Billa langsung menyambut keponakan untuk di bersihkan dari darah, bayi laki-laki yang sangat tampan.


Dia luar rumah tangisan Bisma pecah, dia sangat mengkhawatirkan keadaan putrinya. Bella memang wanita tangguh, tapi dia tetaplah seorang putri.
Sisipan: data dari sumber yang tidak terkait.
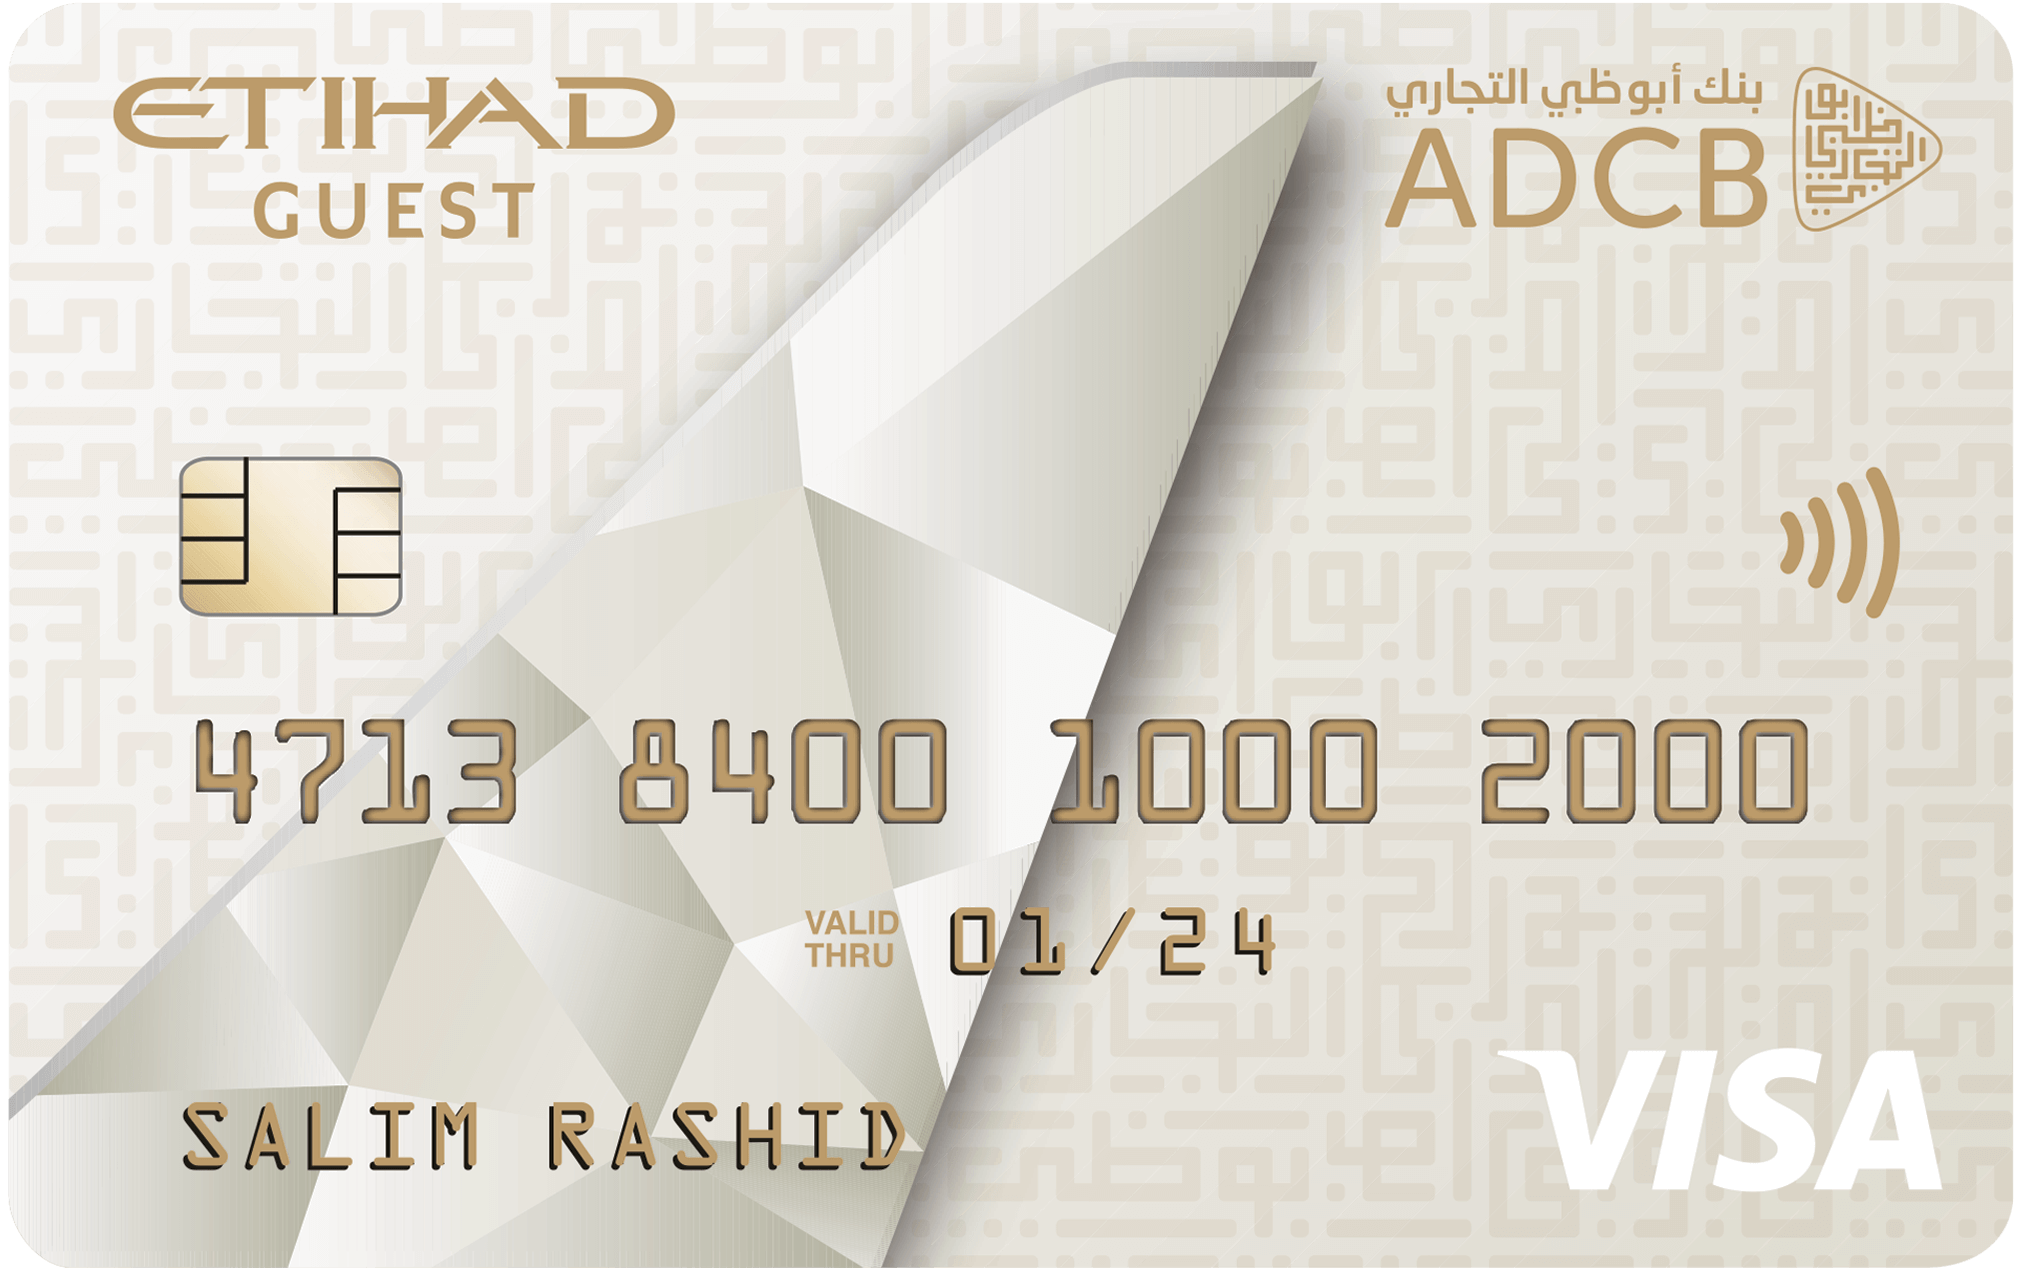 ADCB Etihad Guest Platinum Credit Card

Bisma tidak tega mendengar suara putrinya yang teriak kuat.


"Puluhan tahun aku membesarkan kamu Bella, memberikan yang terbaik, tapi saat ini kamu berteriak kesakitan sedangkan ayah tidak bisa melakukan apapun." Bisma terduduk mengusap air matanya.


Nazar Bisma jika anak dan cucunya baik-baik saja, akan membangun rumah sakit terbesar di beberapa kota agar lebih mudah dijangkau masyarakat, sehingga tidak seperti keadaan Bella yang sudah larut malam tidak memungkinkan ke rumah sakit, karena jarak yang sangat jauh.


Wildan duduk dengan wajahnya yang tegang, Ar lebih panik lagi, kakinya sampai gemetaran membayangkan jika dia diposisi Tian, pasti rasanya ingin gila melihat istri hamil kembar, tapi melahirkan seadanya bahkan baju dan persiapan bayi juga belum ada.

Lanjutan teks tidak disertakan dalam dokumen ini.